When you are working with an architecture that includes Kubernetes clusters you might still find useful to use Cloud Run for certain applications, like a web frontend, API gateway and more. At the same time, you may find confusing how to integrate it seamlessly in your CI/CD workflow.
gcloud CLI can deploy Cloud Run service, but it doesn’t have all possible deployment options, and in this case you can’t store configurations in a repository like a pre-configured manifest, or use the same Config Map with environment variables for both Kubernetes and Cloud Run applications. Luckily, it’s possible to deploy Cloud Run applications in a similar way as Kubernetes and I’m going to show how to do it.
Creating Cloud Run service
Cloud Run uses knative and you can find there a description for a base manifest structure. At the same time, I wasn’t be able to find a complete manifest reference for Cloud Run. But it isn’t a problem, because we can easily get a manifest preset from a Cloud Run service created with Console (a web interface):
- Go to Cloud Run Console
- Click “Create Service”.
- Set your preferable settings.
- Click “Create”.
Or from Cloud Run service created by gcloud CLI:
gcloud run deploy
Exporting Cloud Run YAML manifest
Our Cloud Run application is deployed, now we need to obtain YAML manifest. An easy way to do it by using gcloud CLI:
gcloud run services describe <cloudrun-service-name> --format=export > cloudrun-preset.yaml
This is how your exported Cloud Run YAML may look like:
apiVersion: serving.knative.dev/v1
kind: Service
metadata:
annotations:
client.knative.dev/user-image: <region>-docker.pkg.dev/<project-name>/<container-name>@sha256:<hash>
run.googleapis.com/ingress: all
run.googleapis.com/ingress-status: all
labels:
cloud.googleapis.com/location: <region>
name: <app-name>
namespace: '<namespace>'
spec:
template:
metadata:
annotations:
autoscaling.knative.dev/maxScale: '3'
run.googleapis.com/client-name: cloud-console
run.googleapis.com/cpu-throttling: 'true'
run.googleapis.com/execution-environment: gen1
run.googleapis.com/startup-cpu-boost: 'true'
name: <app-name>-<revision-code>
spec:
containerConcurrency: 80
containers:
- env:
- name: LISTEN_ADDR
value: 0.0.0.0
- name: LISTEN_PORT
value: '80'
- name: DB_HOST
value: 198.51.100.1
- name: DB_PORT
value: '5432'
- name: DB_NAME
value: db_default
- name: DB_SECRET
value: default-user
image: <region>-docker.pkg.dev/<project-name>/<container-name>@sha256:<hash>
ports:
- containerPort: 80
name: http1
resources:
limits:
cpu: 1000m
memory: 512Mi
serviceAccountName: compute@developer.gserviceaccount.com
timeoutSeconds: 300
traffic:
- latestRevision: true
percent: 100
Now we can adjust the preset by changing or removing certain fields and values. Then, the manifest can be committed to a git repository or put to any other place where you store your Kubernetes YAML manifests.

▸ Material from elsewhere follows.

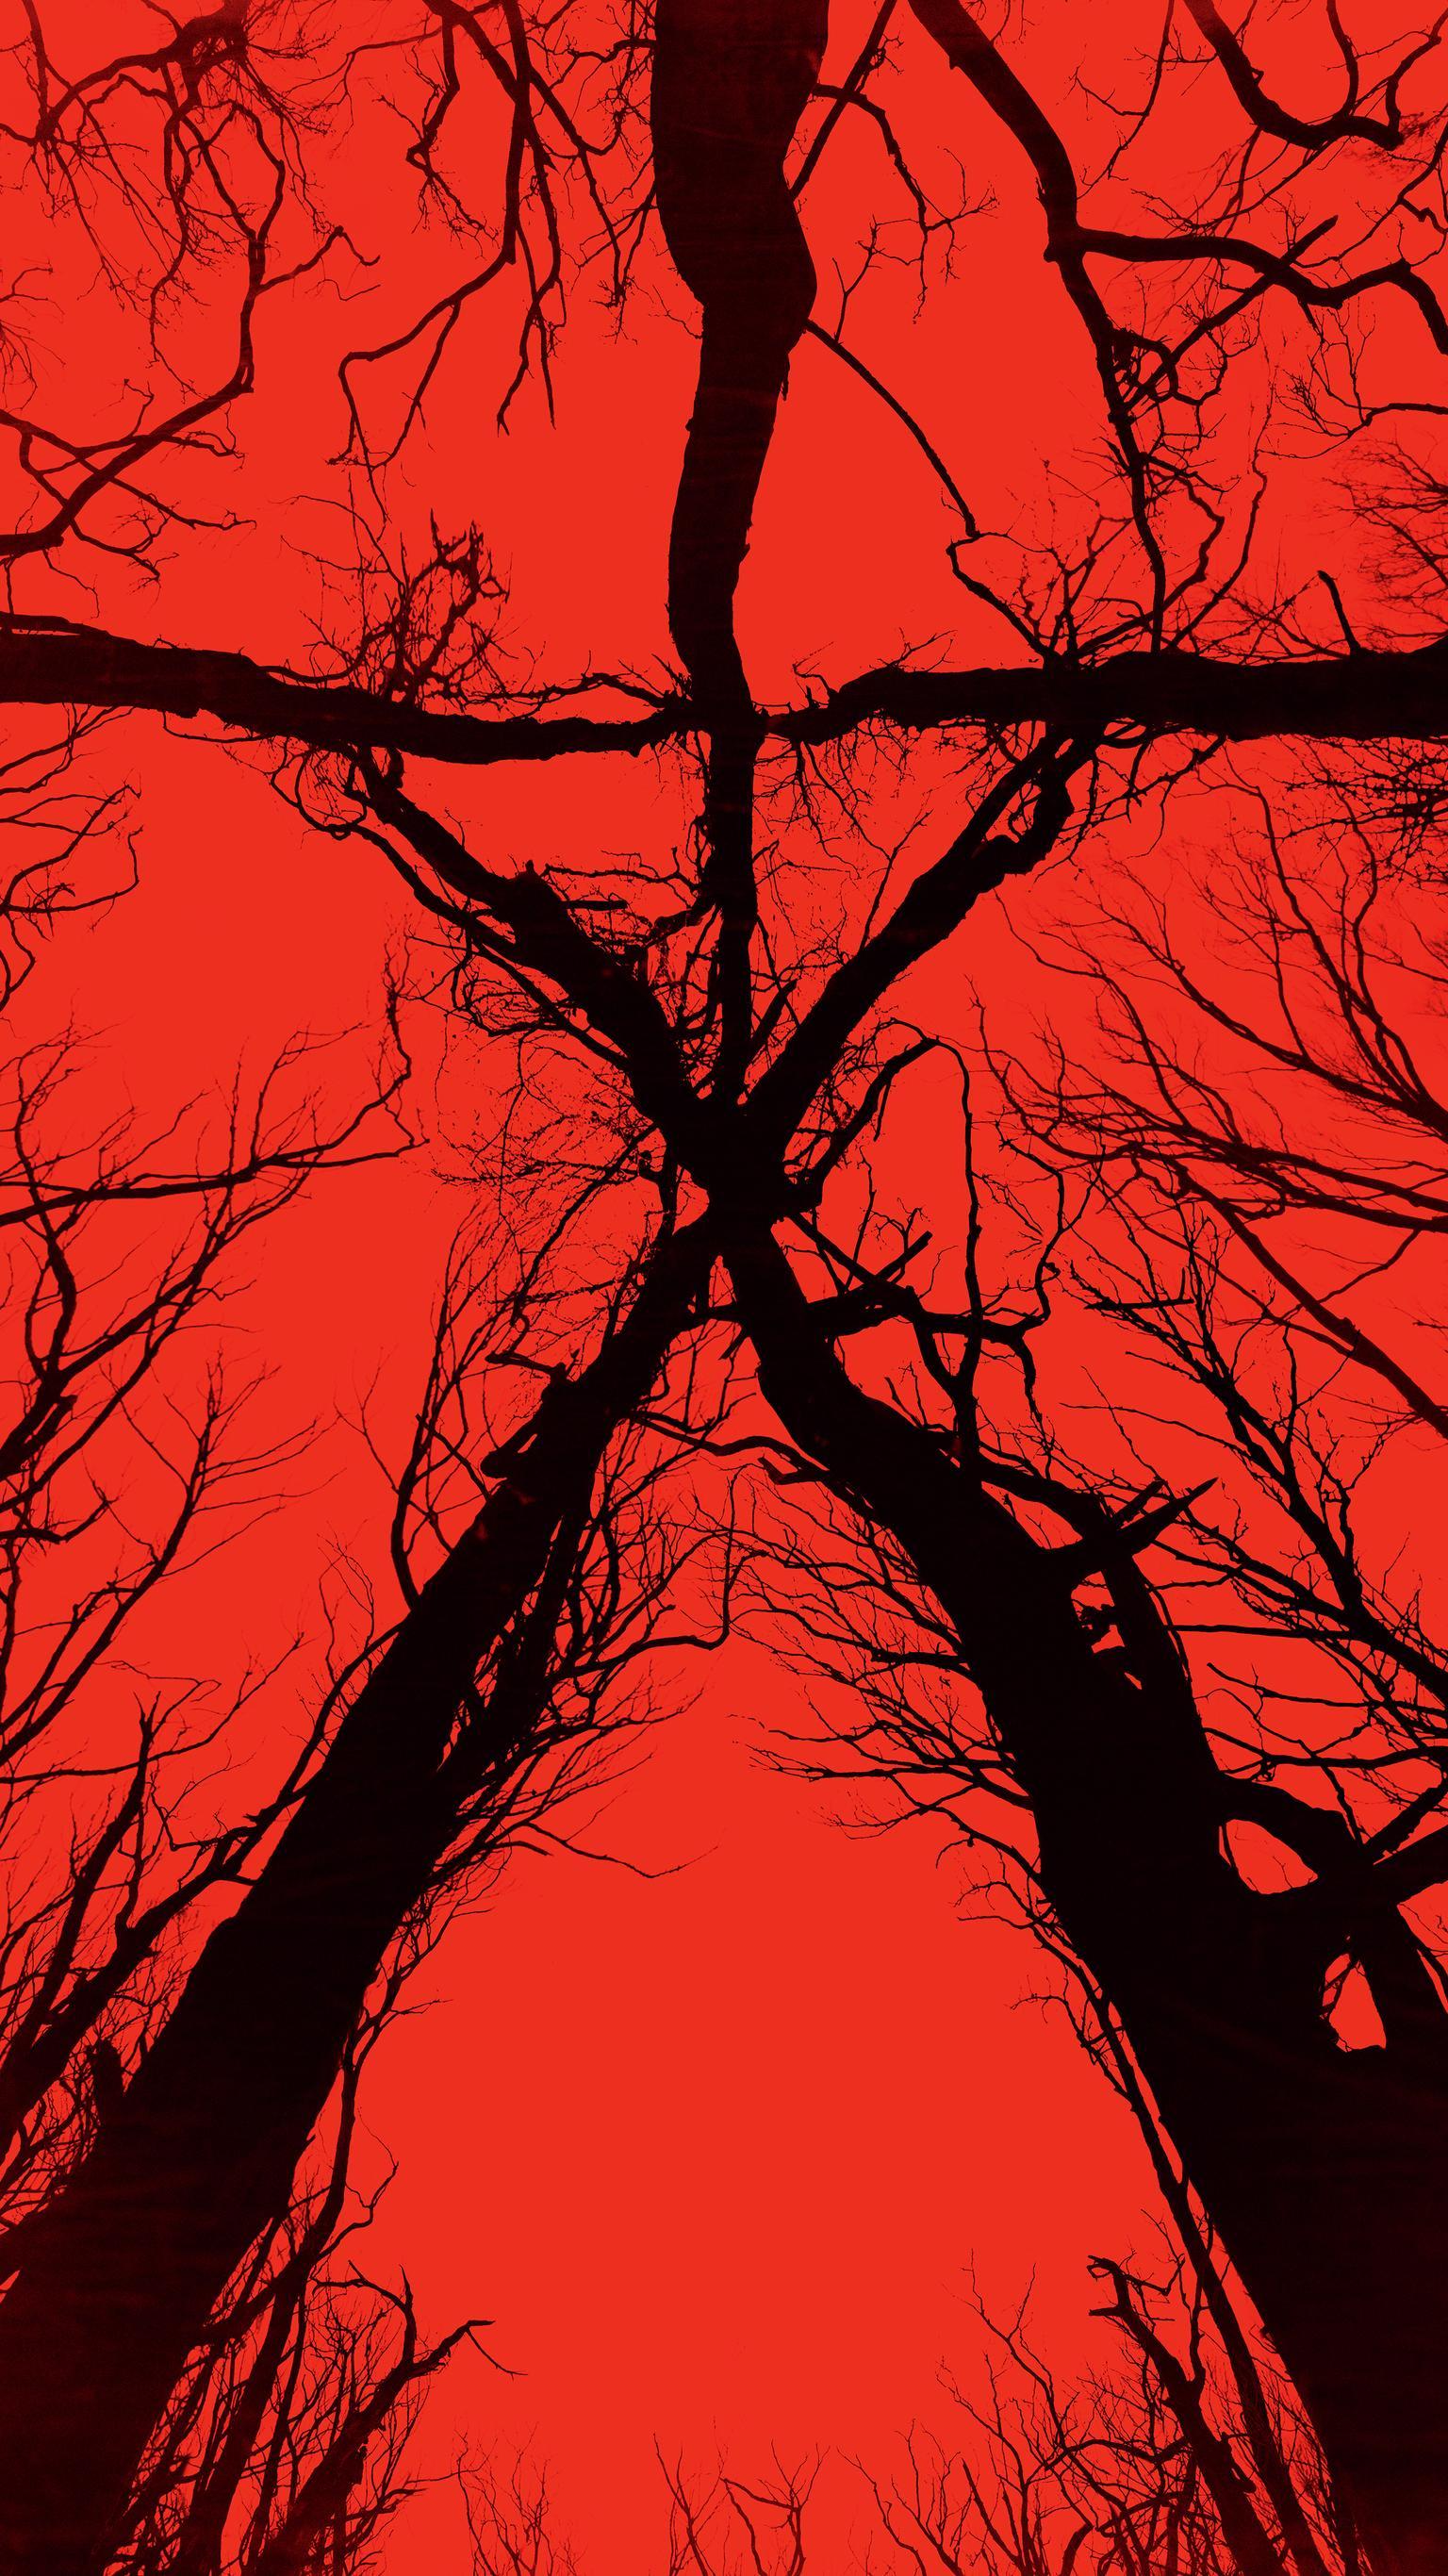 blair witch 3 download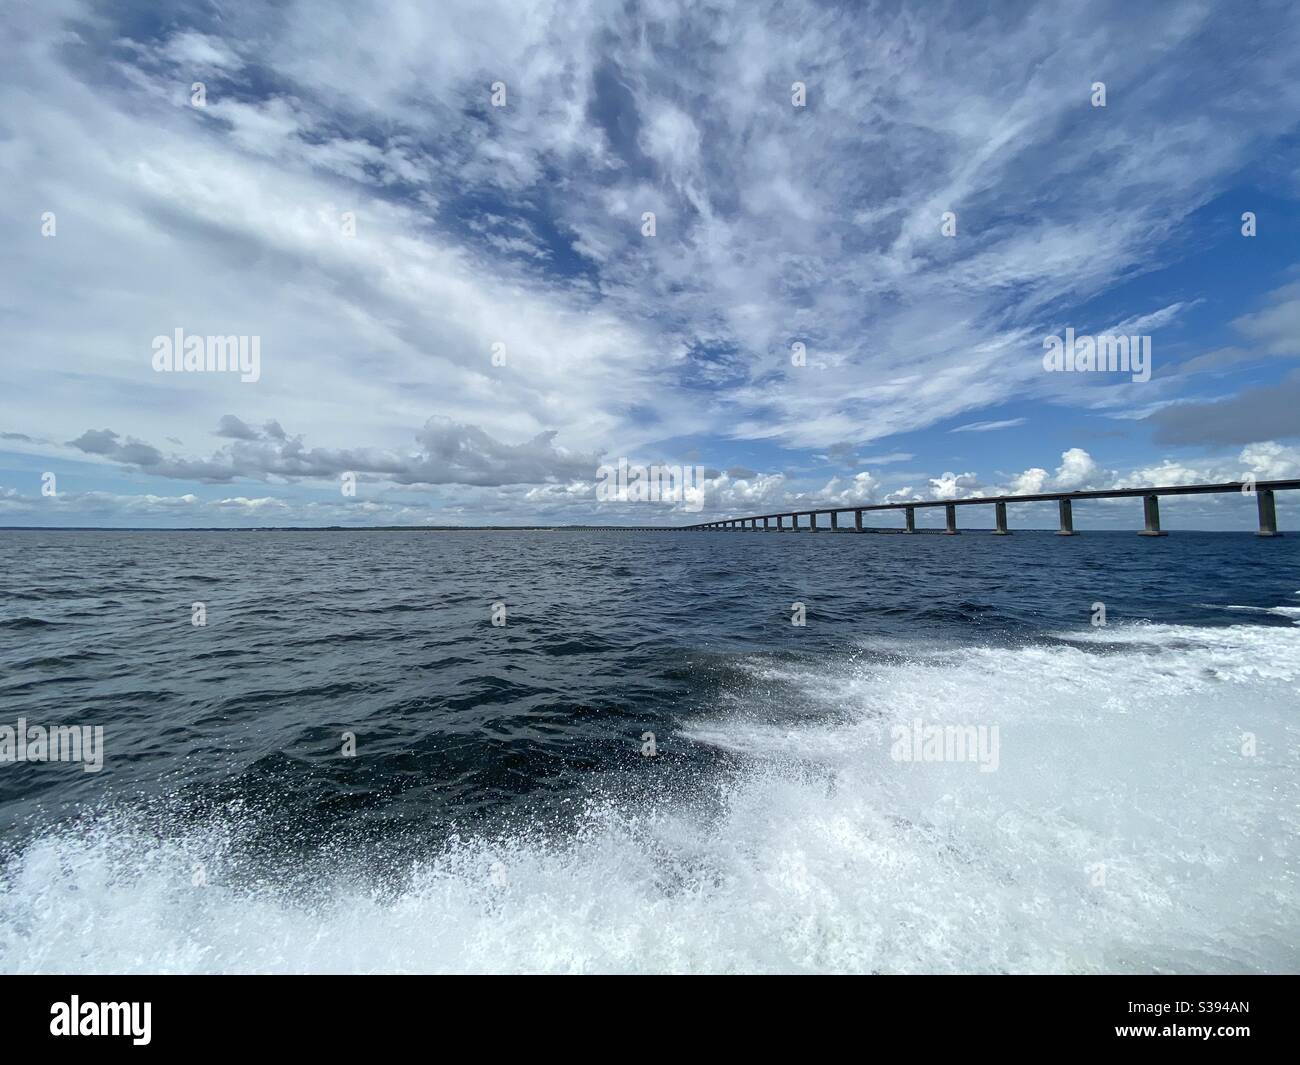 Perspective photography using long exposure on iPhone of Gulf of Mexico water and Destin Florida bridge from a boat view Stock Photo

Deploying Cloud Run using YAML manifest
One of the ways to deploy Cloud Run instance from a manifest preset is by using yq and gcloud.
Let’s say we have configmap.yaml
with environment variables:
apiVersion: v1
kind: ConfigMap
metadata:
name: app-config
namespace: default
data:
LISTEN_ADDR: 0.0.0.0
LISTEN_PORT: '80'
DB_HOST: 198.51.100.1
DB_PORT: '5432'
DB_NAME: db_default
DB_SECRET: default-user
A new container that we want to deploy is ${_DOCKER_IMAGE_URL}
with a digest ${_DOCKER_IMAGE_DIGEST}
The Bash deployment code may look like:
yq e ".spec.template.spec.containers[0].env = $(yq e -o=j -I=0 '.data | \
to_entries | (.[] |= with_entries( (select(.key=="key") | .key) = "name" \
) )' configmap.yaml)" cloudrun-preset.yaml > deployment.yaml;
artifact="${_DOCKER_IMAGE_URL}${_DOCKER_IMAGE_DIGEST}";
artifact=$artifact yq e -i \
'.metadata.annotations."client.knative.dev/user-image"=strenv(artifact)' \
deployment.yaml;
artifact=$artifact yq e -i \
'.spec.template.spec.containers[0].image=strenv(artifact)' \
deployment.yaml;
gcloud run services replace deployment.yaml;
Optionally, after running this script you can check if the deployment was successful, then you can commit deployment.yaml
to the repository where successful deployments are stored.
Now you can deploy the same application to Kubernetes and Cloud Run seamlessly inside the single CI/CD workflow.